Bill: My congratulations to your friend and I am heartwarmed that you've gotten someone to agree with you. However, you are both wrong. Who is your friend? What's his phone number? If he is real I'd like to discuss this with him. I am one who prides himself on keeping current with my industry. If I need to be corrected, who better to correct me than an award winning director.
BTW, we were discussing Televison and Video production. Cannes is a film festival.
I am in agreement that digital is taking over TV production. I have not edited on tape since 1991. I was one of the first non-linear editors in New York.
Betacam is still the video aquisition system used most in electronic filming. There has been Digital Betacam recording for almost 2 years now.
The Video Toaster (Amiga based effects and graphics system) never gained a significant ground in Broadcast Television. It was most popular as a non-broadcast device. There were some quality issues with the output and it was slower and less versatile than the deidcated boxes made by Ampex, Grass Valley, Sony and Scitex.
The Amiga went under about four years ago if you haven'y heard. Newtek, the manufacturer of the Toaster, has now ported their software to the Wintel platform. (Score one for you). But it still has not made inroads into the BROADCAST market, which is still dominated by effects systems running on SGIs, Quantel boxes or Macs (very recently). (SGI owns the high end).
For the record, I do not now nor have I ever owned any of this gear. I am a freelance editor. My clients include (this year only) PBS, MTV, Discovery, Nickelodeon, Disney Channel and VH-1. Every(and I mean every) non-linear system owned by these clients run on Macs. WNET in New York alone has 20 plus Avids now and will have 40 by the end of 1998. They also have one or more Media 100's (Mac based).
Again for the record, I do not now nor have I ever owned Apple stock. I started lurking on this board because I am considering buying AAPL.

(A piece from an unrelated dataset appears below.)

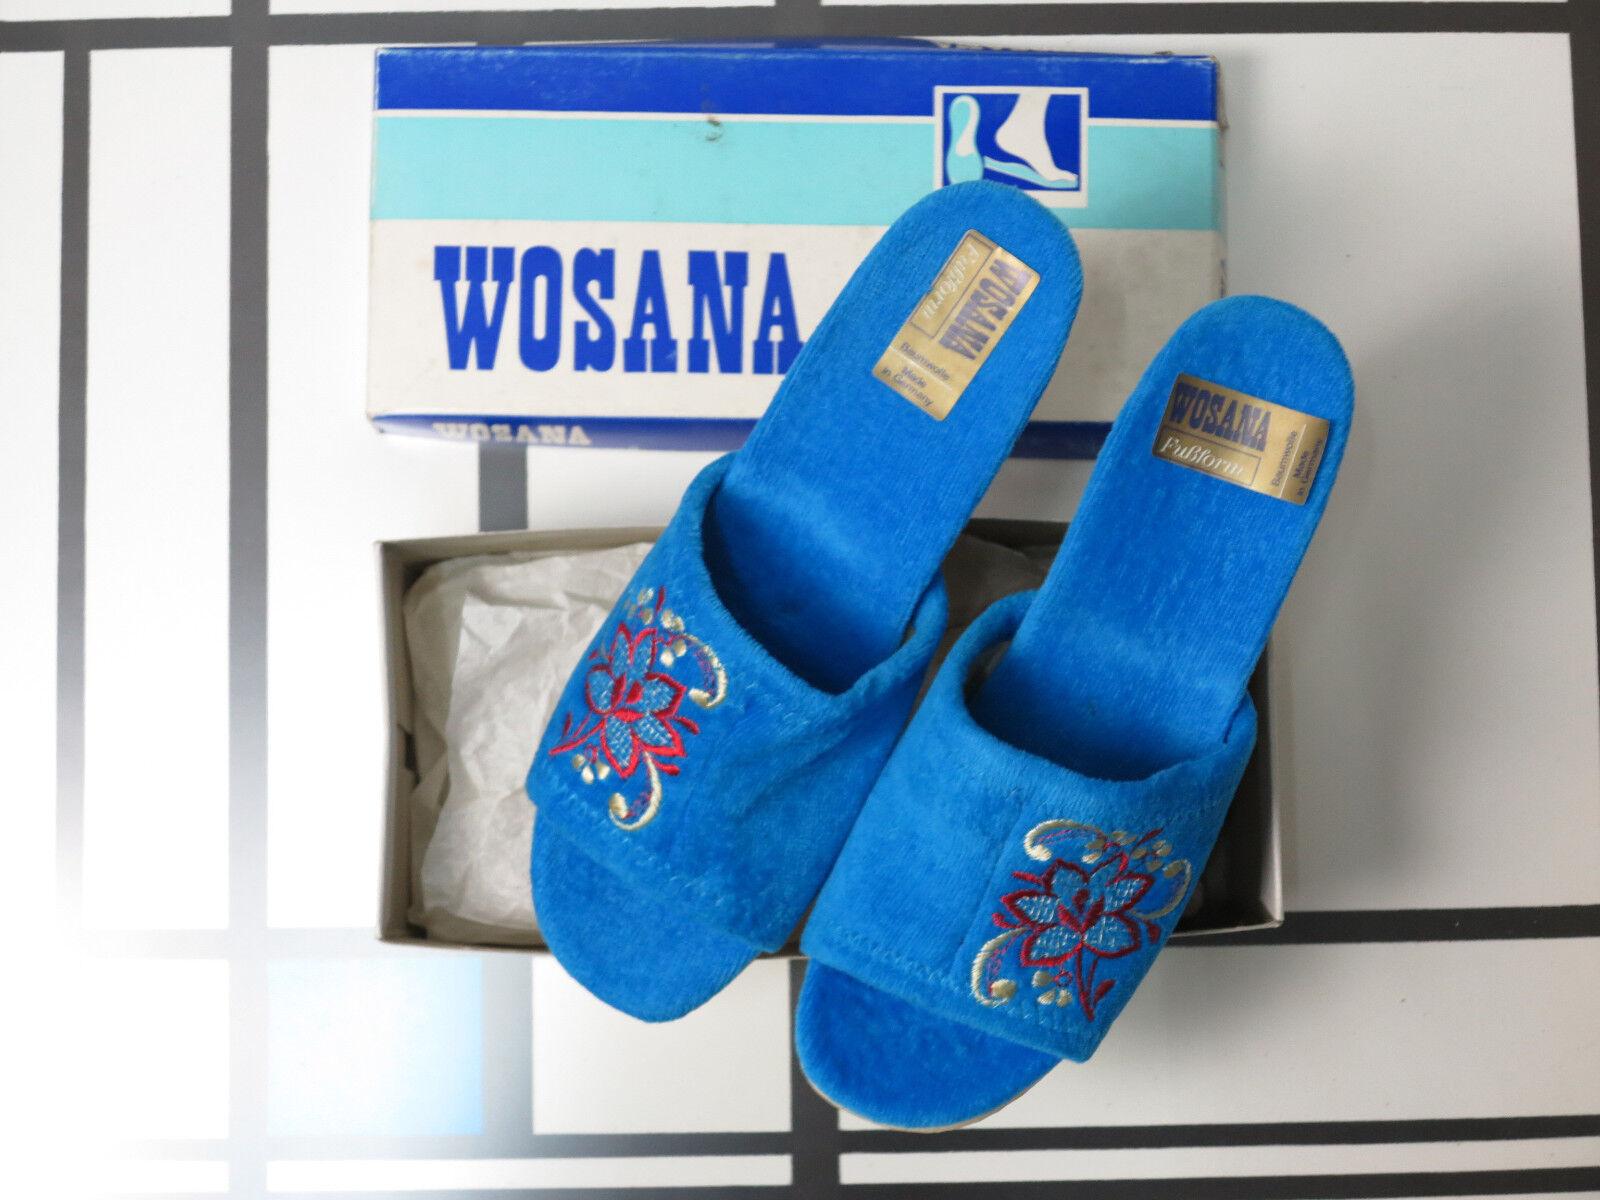 Wosana Wosana Wosana fußform Pantofole Da Donna Pantofole COTONE 70er True Vintage 70s OVP d38188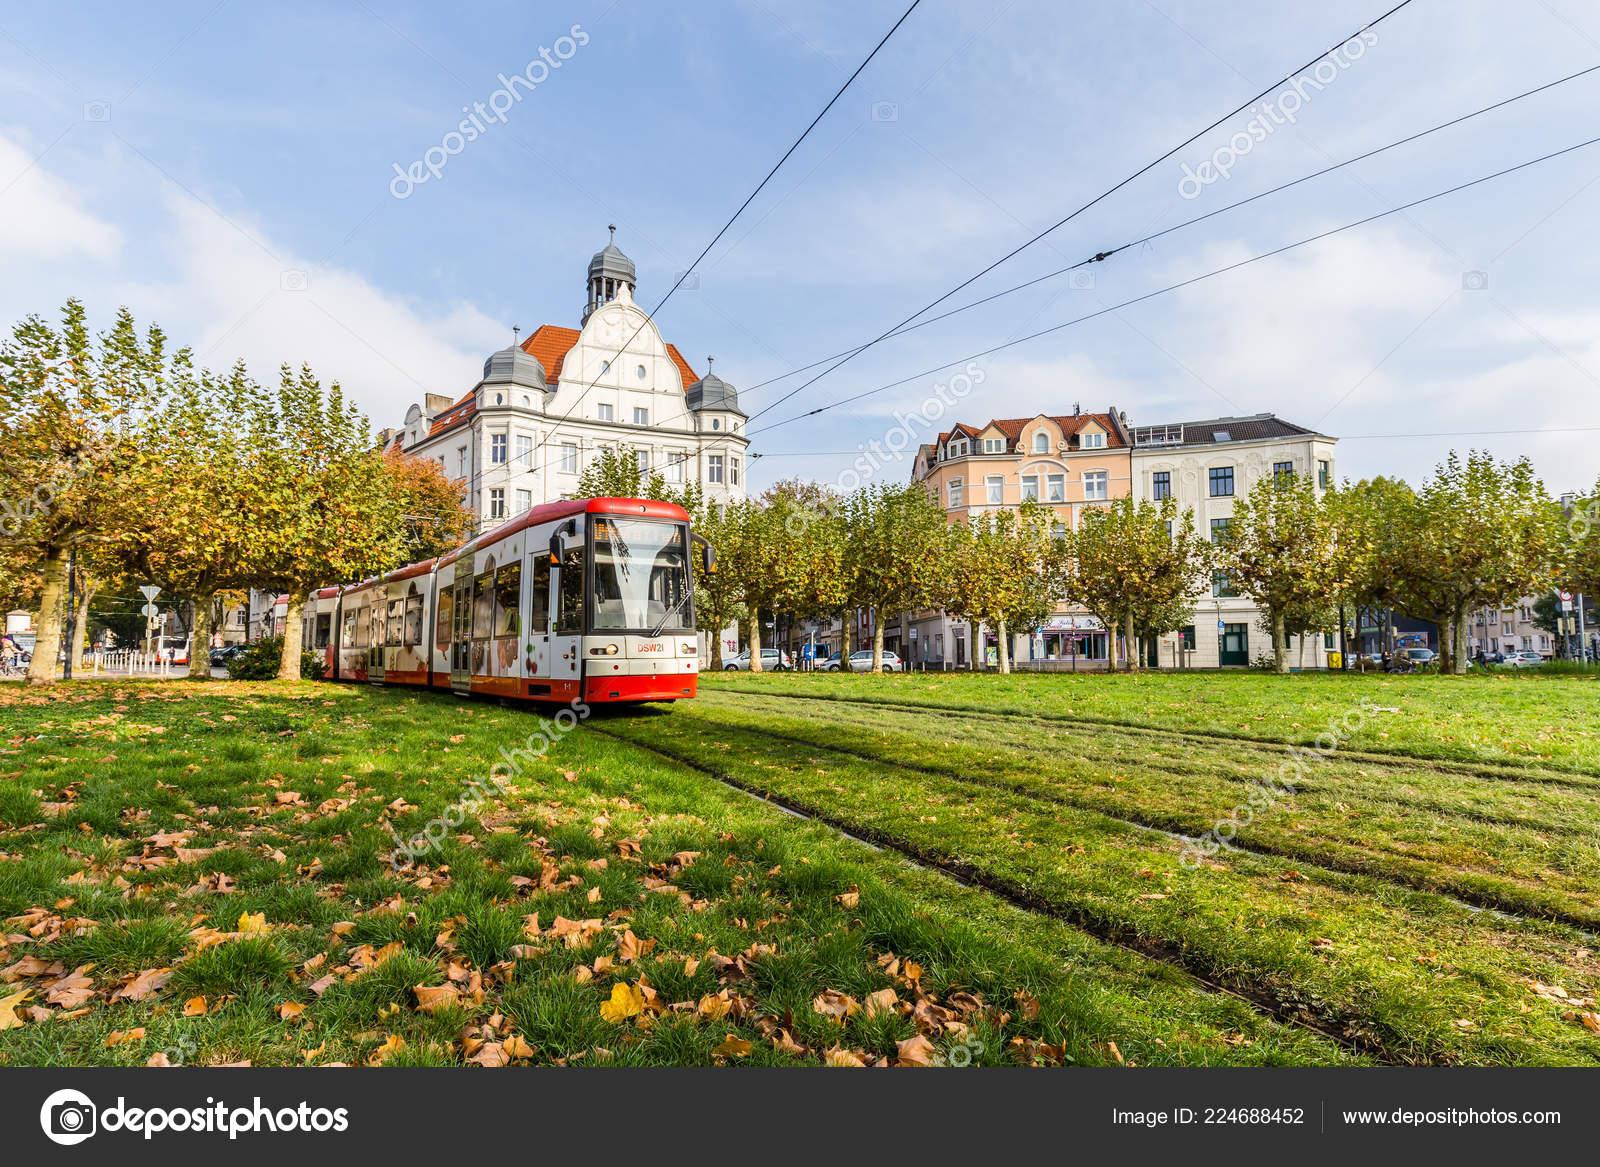 Borsigplatz In Dortmund Germany Stock Editorial Photo C Photoweges 224688452

I have no vested interest in pushing Apple. I merely made a comment that Macs have been the dominant personal computer used in Broadcast Television Post-Production, specifically non-linear editing systems. This has been true for a number of years true and continues to be true today. The only PC competition in Broadcast market has been from lightworks and they have no where near the market share of Avid. The other major Wintel based system, D-Vision is targeted mostly toward a Corporate video Market. The original PC based system. the EMC2 (which I used for more than 3 years) was a good system, but it is no longer manufactured.
I do however, personally own two Macs. But I also own a Gateway Win 95 box.
I don't know where you are coming up with your information, but it is vague and not accurate. Please post your sources if you can.